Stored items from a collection
- Opening Delimiter -

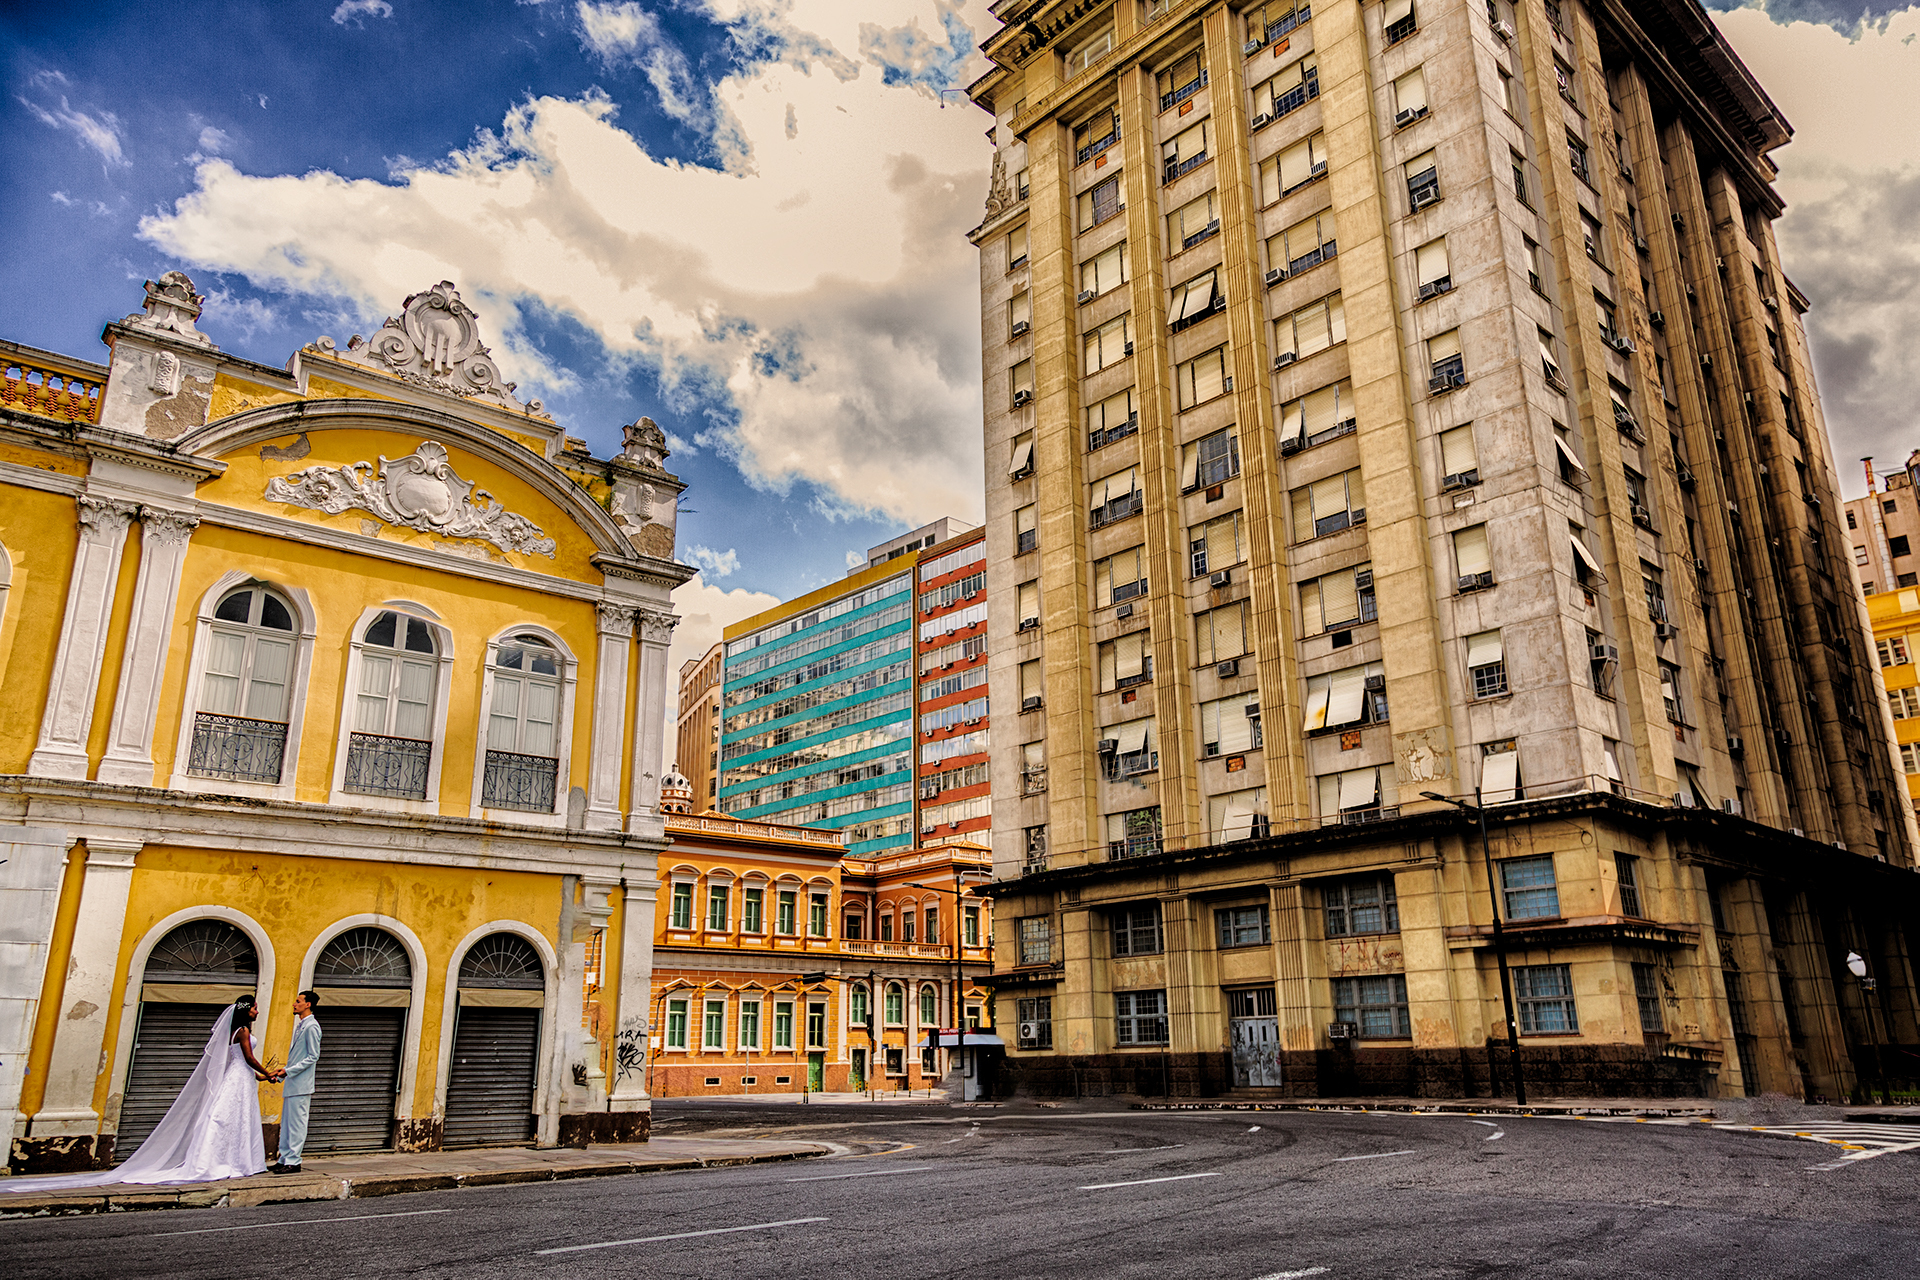 Contate Fotografo de Casamento - RS Rogerio Frota - Porto Alegre - RS
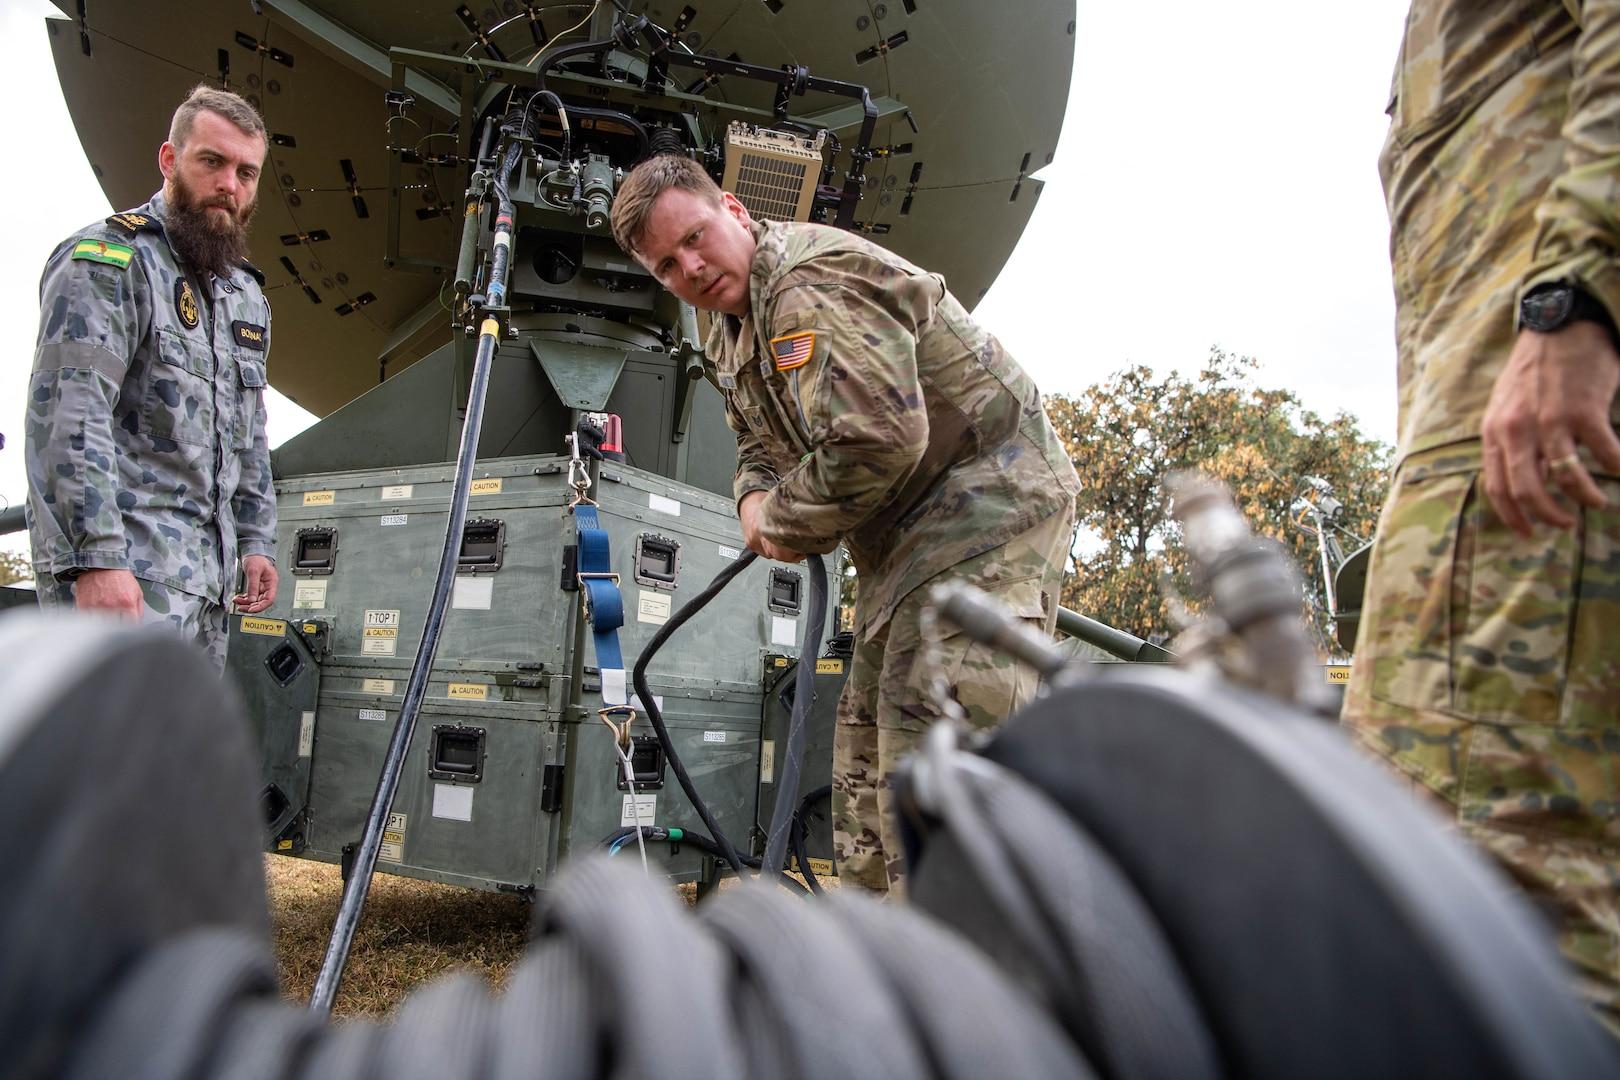 A U.S. service member sets up a communications satellite.
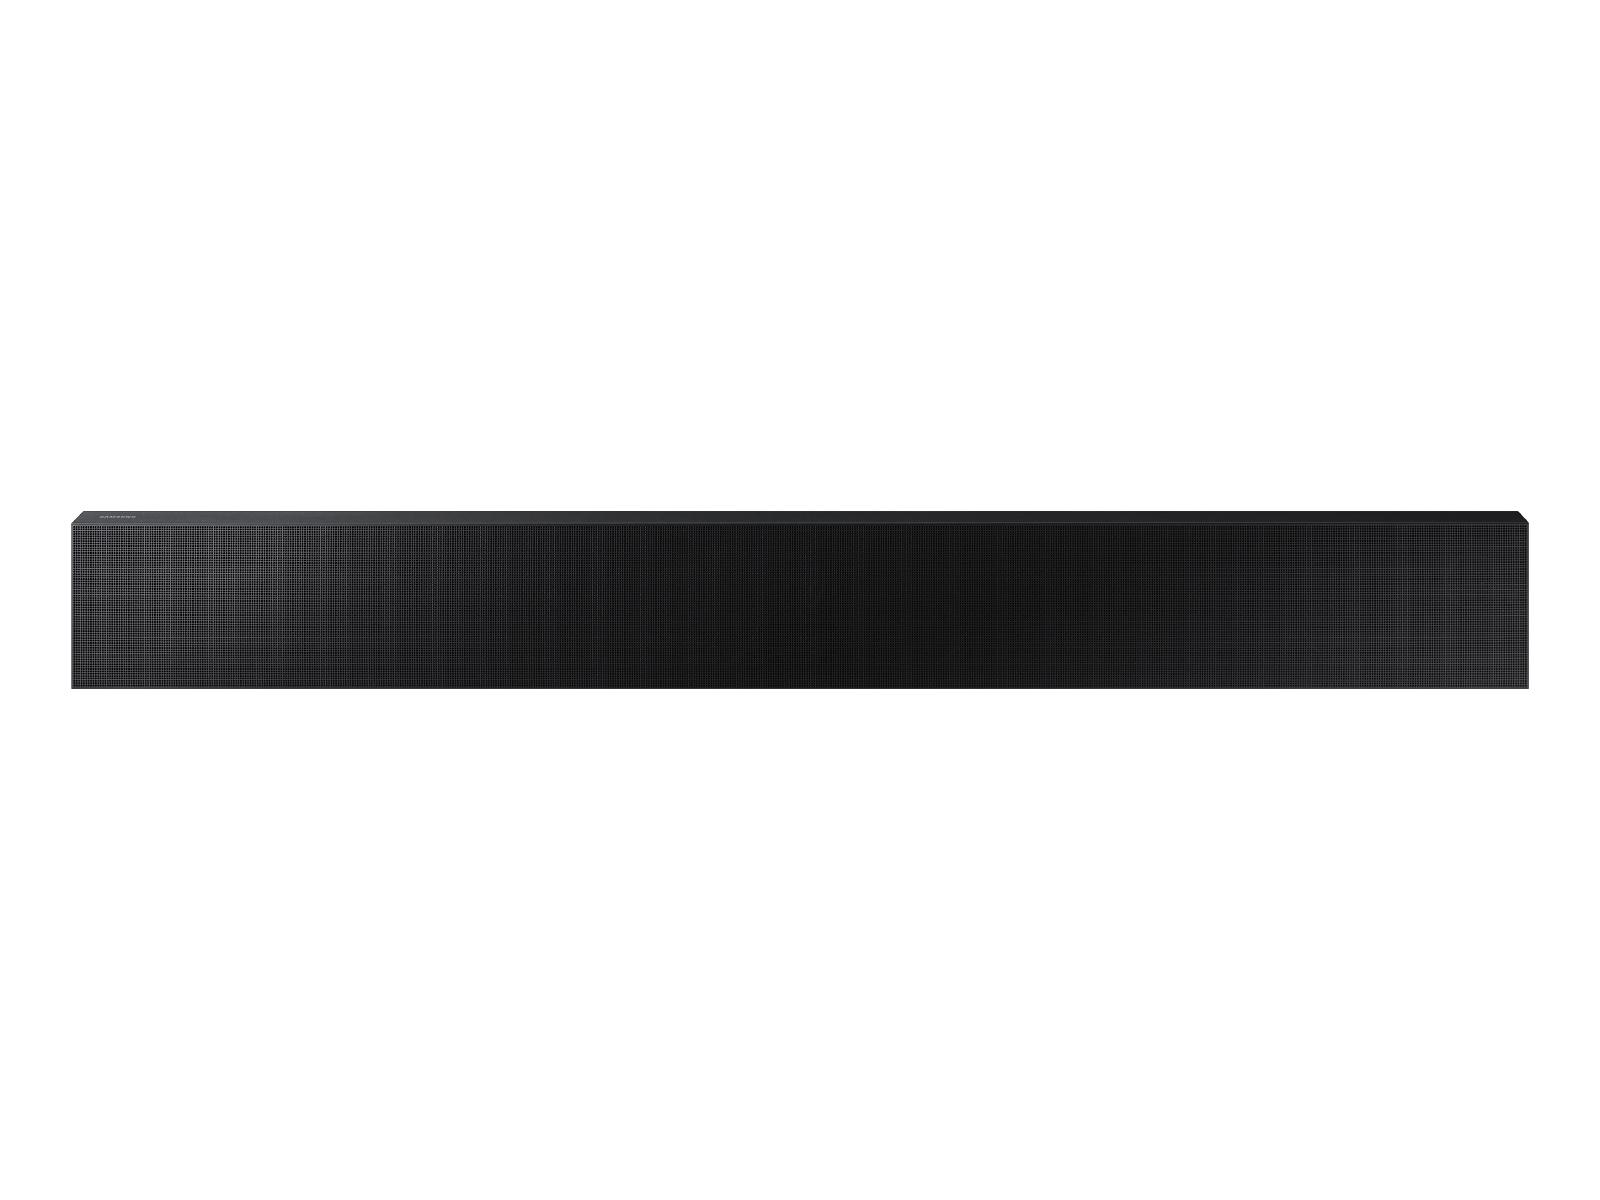 HW-LST70T 3.0ch The Terrace Soundbar w/ Dolby 5.1ch (2020)
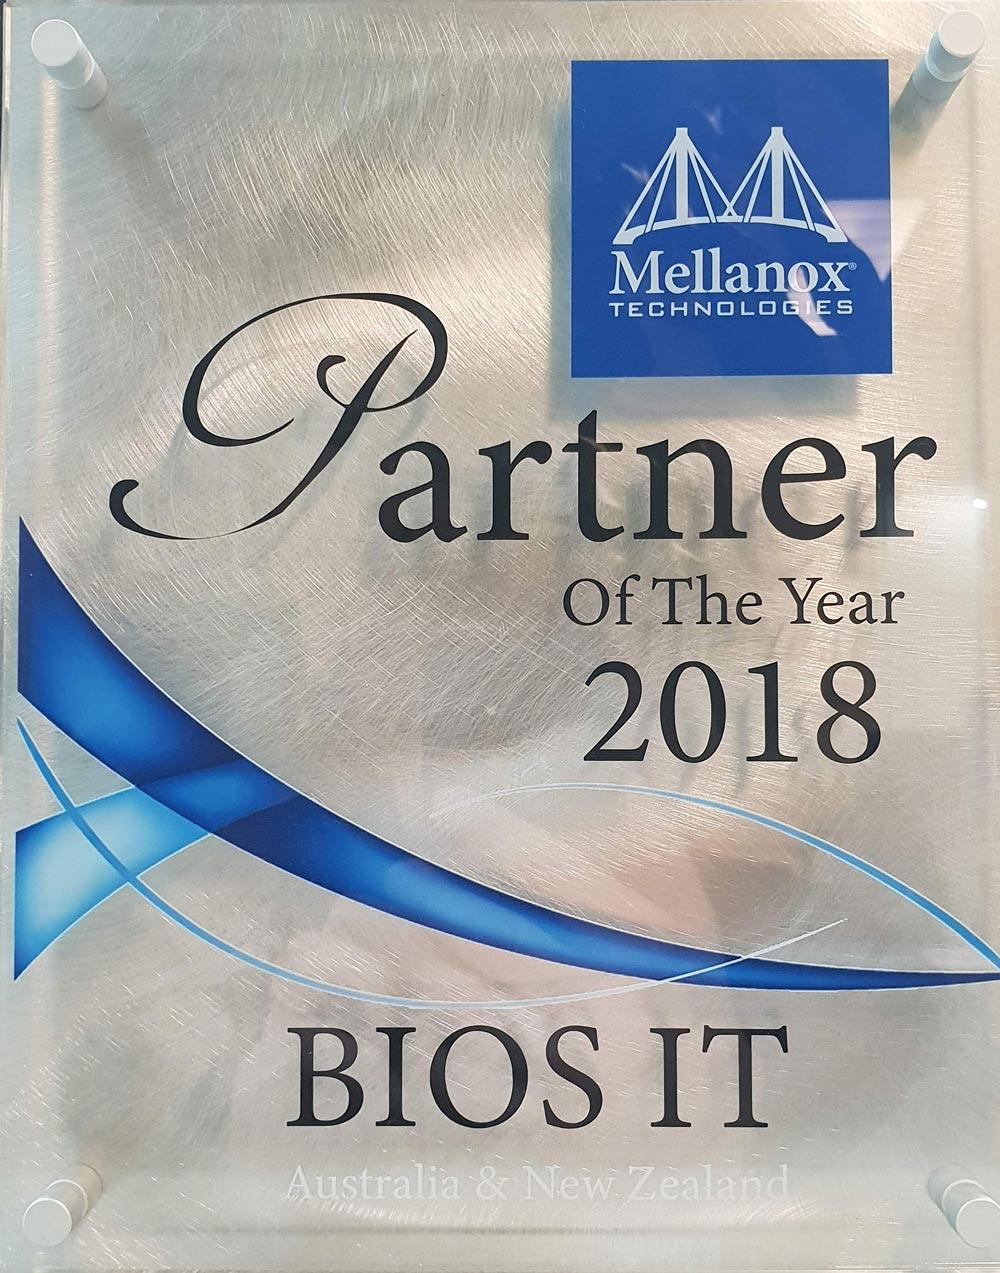 mellanox partner of the year award
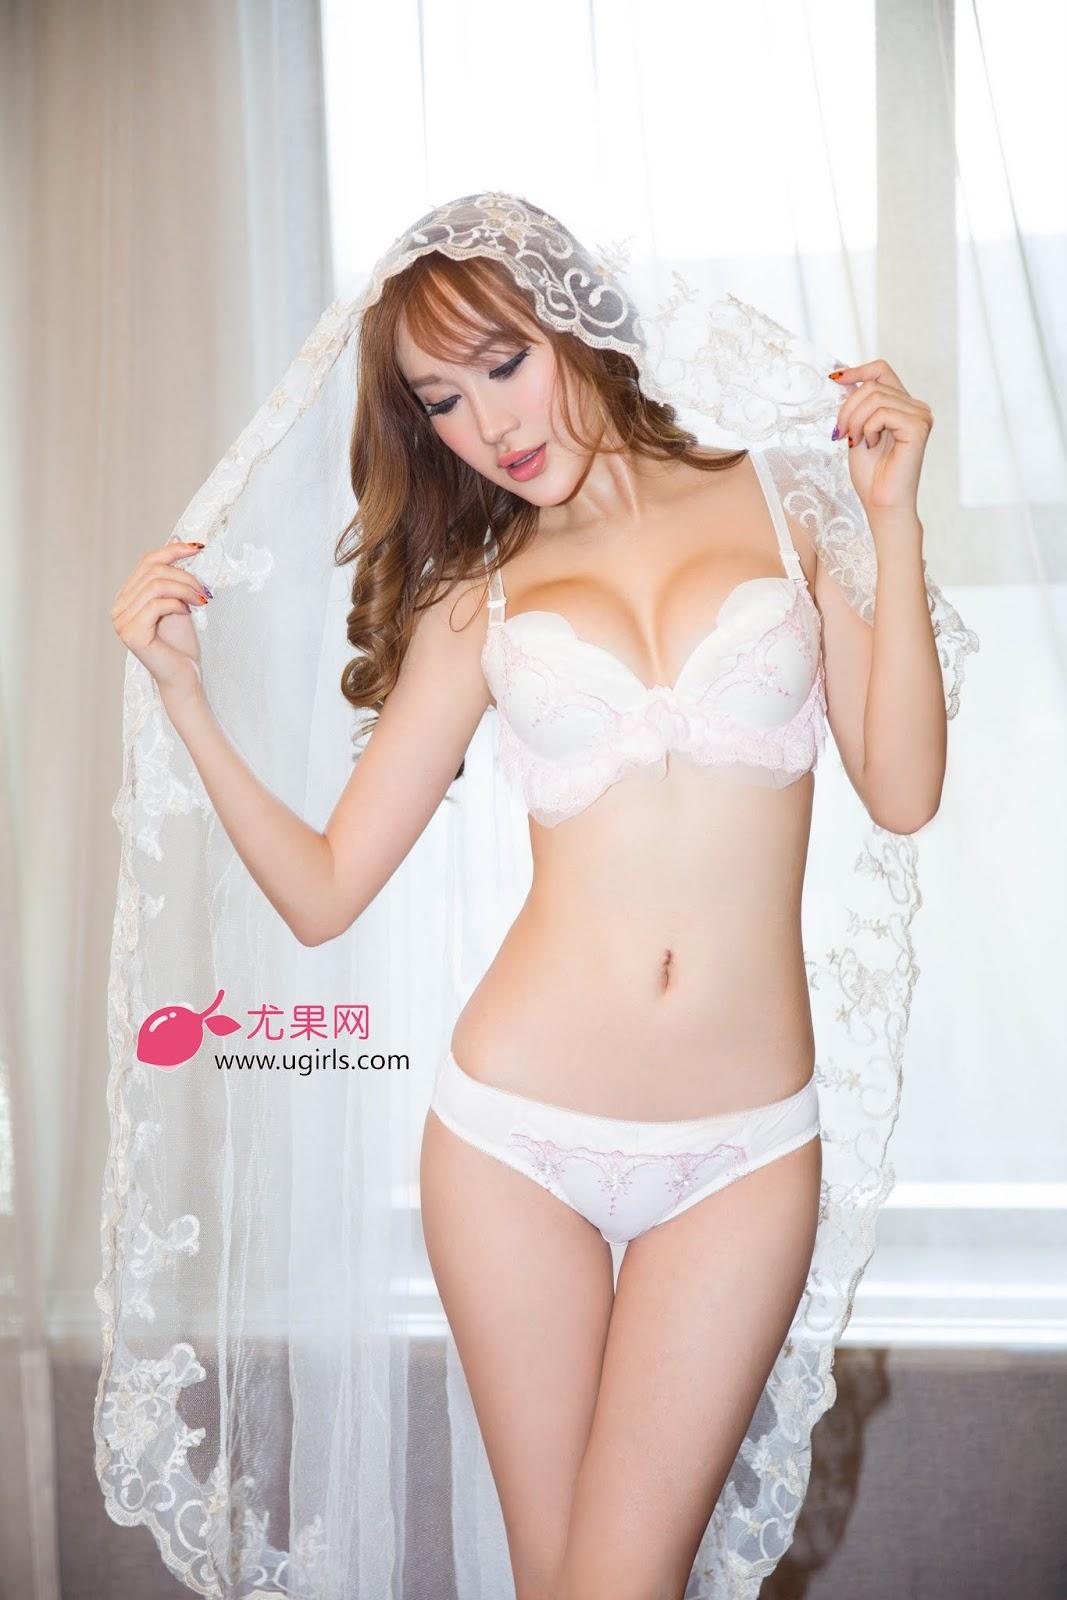 A14A4310 - Hot Photo UGIRLS NO.3 Nude Girl

- Closing Delimiter -

REQUIRED ACTION -> Beginning at the line with "A U.S. service", reproduce each line exactly through the last line of the records above, with pictures left out.

OUTPUT ->
 A U.S. service member sets up a communications satellite.
 HW-LST70T 3.0ch The Terrace Soundbar w/ Dolby 5.1ch (2020)
 mellanox partner of the year award
 A14A4310 - Hot Photo UGIRLS NO.3 Nude Girl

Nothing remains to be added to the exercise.